# EXERCISE BRIEF:
Below are entries; output exactly the lines from the one with "Toy Cart 1421648 1279×1140" to the one with "WPU Student, Coleman Arehart", both included, and nothing else.

# MATERIALS PROVIDED:
○ ○ ○
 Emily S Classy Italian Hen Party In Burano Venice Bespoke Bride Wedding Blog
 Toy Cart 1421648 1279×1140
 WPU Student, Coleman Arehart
○ ○ ○
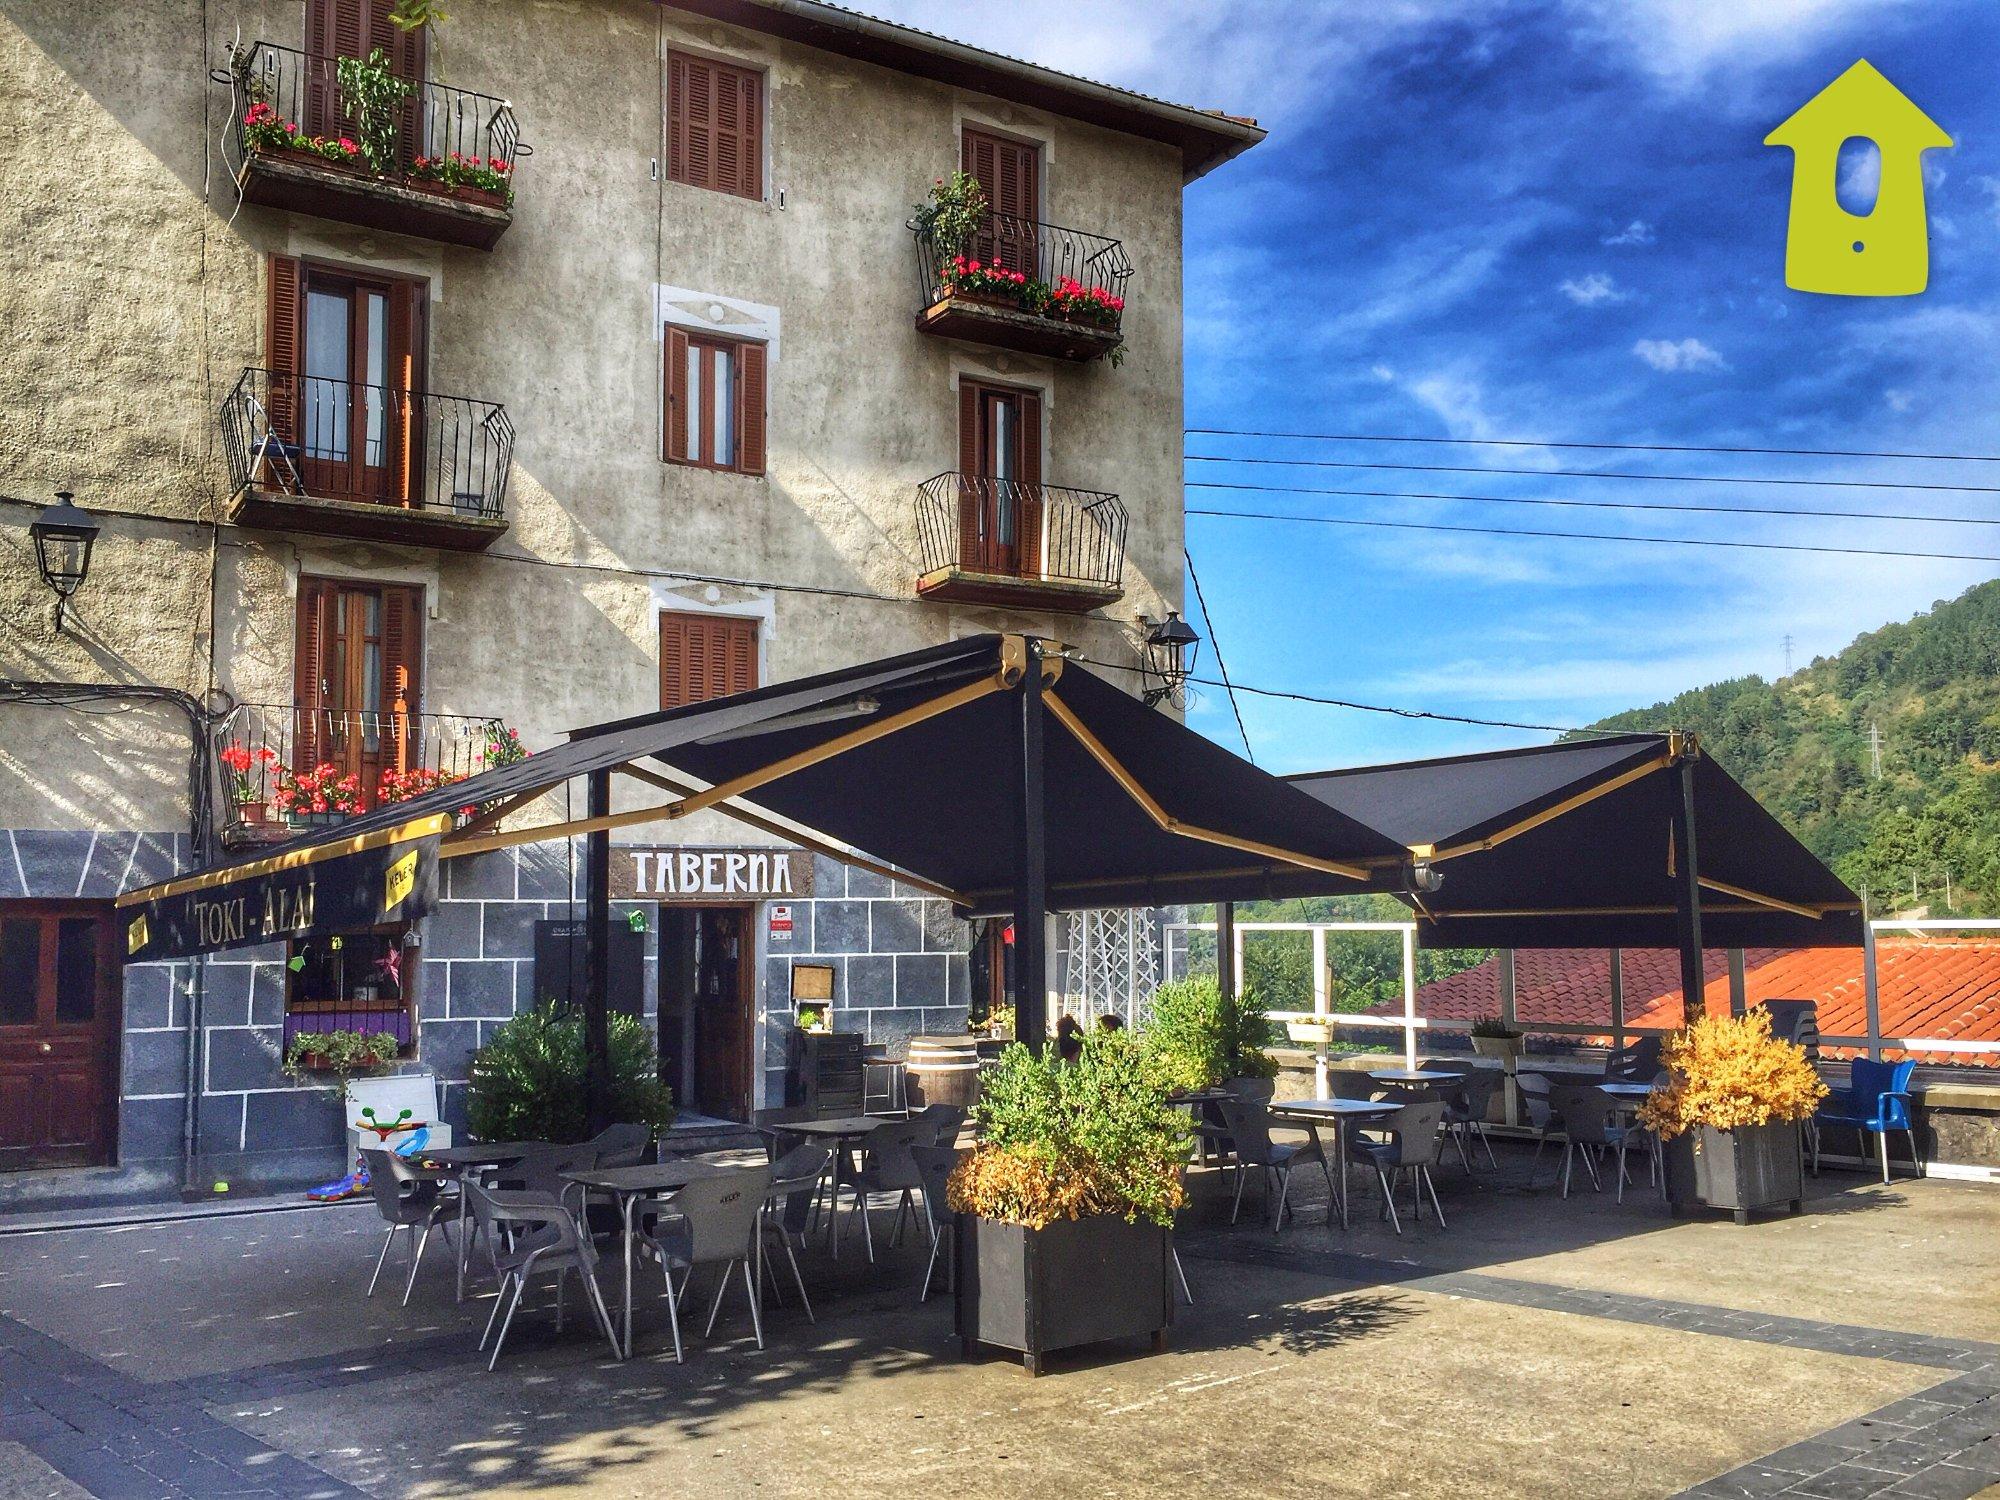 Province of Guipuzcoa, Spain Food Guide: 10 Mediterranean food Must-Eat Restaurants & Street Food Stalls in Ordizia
○ ○ ○
# EXERCISE ANSWER:
 Toy Cart 1421648 1279×1140
 WPU Student, Coleman Arehart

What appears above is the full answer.